Thank you! Could you do further testing with something that doesn't use 100% of the GPU like a 3D game and check whether Resources always shows about half of the actual usage as shown in nvtop?

nokyan avatar Jul 08 '25 20:07 nokyan

hi @nokyan as requested testing 1.8.0-xe-support/963fe68 wasn't a thorough test but GPU still showing 50% vs nvtop at 100 % (used FluidX3d as a test gpu load)

Thank you! Could you do further testing with something that doesn't use 100% of the GPU like a 3D game and check whether Resources always shows about half of the actual usage as shown in nvtop?

Games? not sure I have any! I gave Superposition a go but that is a benchmark so went full tilt too... , hmm here's opening Darktable and flicking through some images gets about 25% max

Image

ihayhurst avatar Jul 08 '25 21:07 ihayhurst

I've pushed a new commit to xe-support, could someone test it?

nokyan avatar Jul 09 '25 12:07 nokyan

AI inference running in the background https://github.com/user-attachments/assets/7ea49675-aba6-470c-a4bb-a217bf1245c7

adrianboguszewski avatar Jul 10 '25 11:07 adrianboguszewski

AI inference running in the background https://github.com/user-attachments/assets/7ea49675-aba6-470c-a4bb-a217bf1245c7

Thank you! That looks good as far as I can see. A bit of deviance is to be expected as you can't get nvtop and Resources to sample usage at the exact same times. Can you test whether Resources picks up a 3D workload like a game as well?

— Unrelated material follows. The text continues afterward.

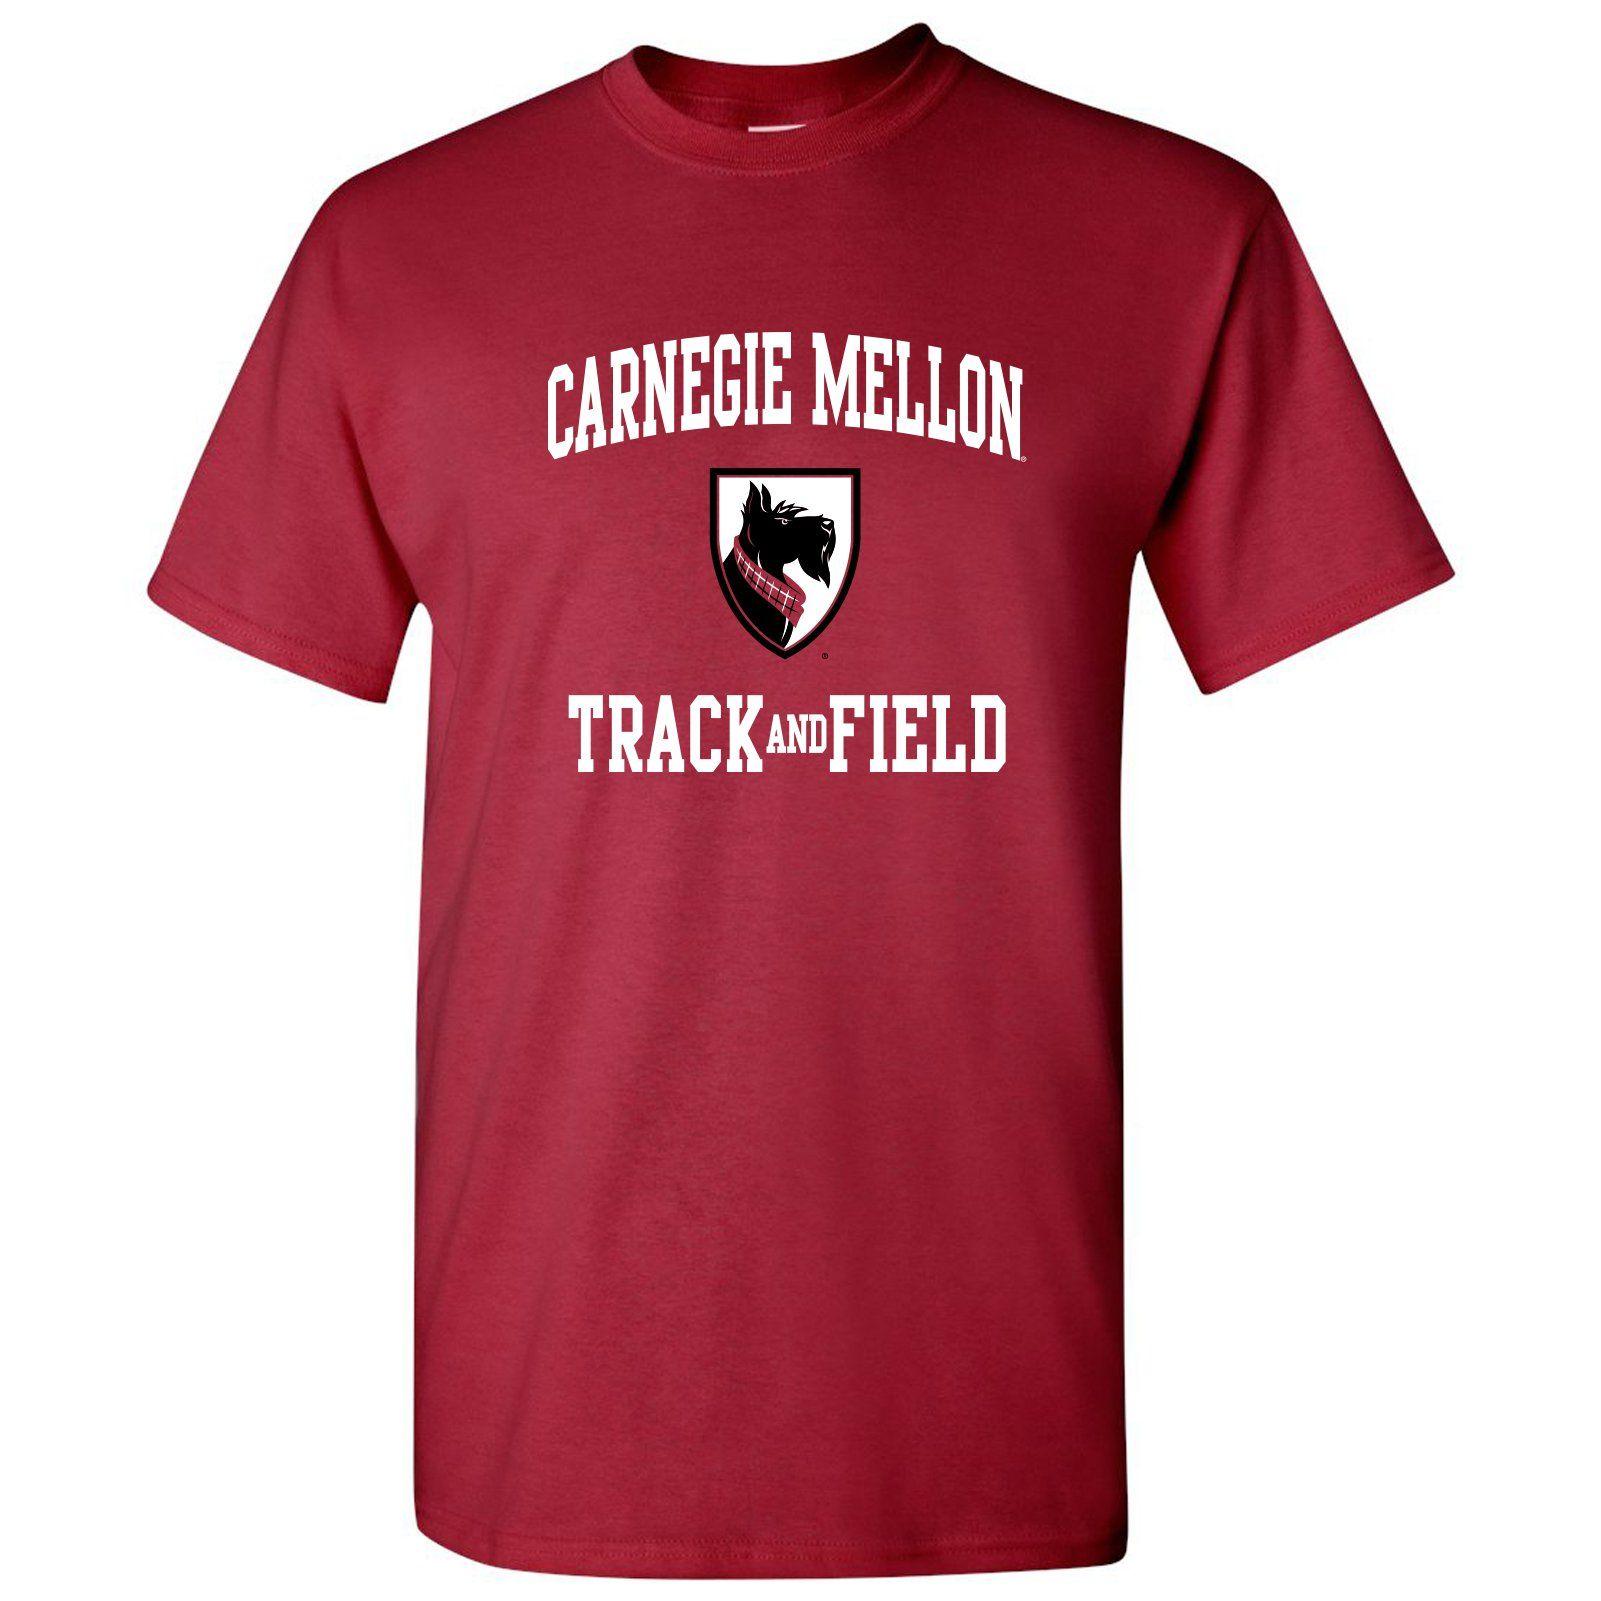 Carnegie Mellon Sports Logo - Carnegie Mellon Arch Logo Track & Field T Shirt - Cardinal

nokyan avatar Jul 10 '25 11:07 nokyan

Here you are

https://github.com/user-attachments/assets/c609fbd1-06b7-437d-87db-a1f9a07662ab

adrianboguszewski avatar Jul 10 '25 11:07 adrianboguszewski

Here you are Screencast.From.2025-07-10.13-46-26.mp4

Thanks again, this looks pretty good as well. I'm gonna see if I can find any more stats exposed by xe and get it merged then. If in the meantime other people could test it, that'd be great. :)

nokyan avatar Jul 10 '25 18:07 nokyan

good for me this time too :)

Image

ihayhurst avatar Jul 10 '25 20:07 ihayhurst

According to Phoronix one of the Xe updates for kernel 6.17 will have "- Fan control and voltage information is now exposed via sysfs for the Xe driver. "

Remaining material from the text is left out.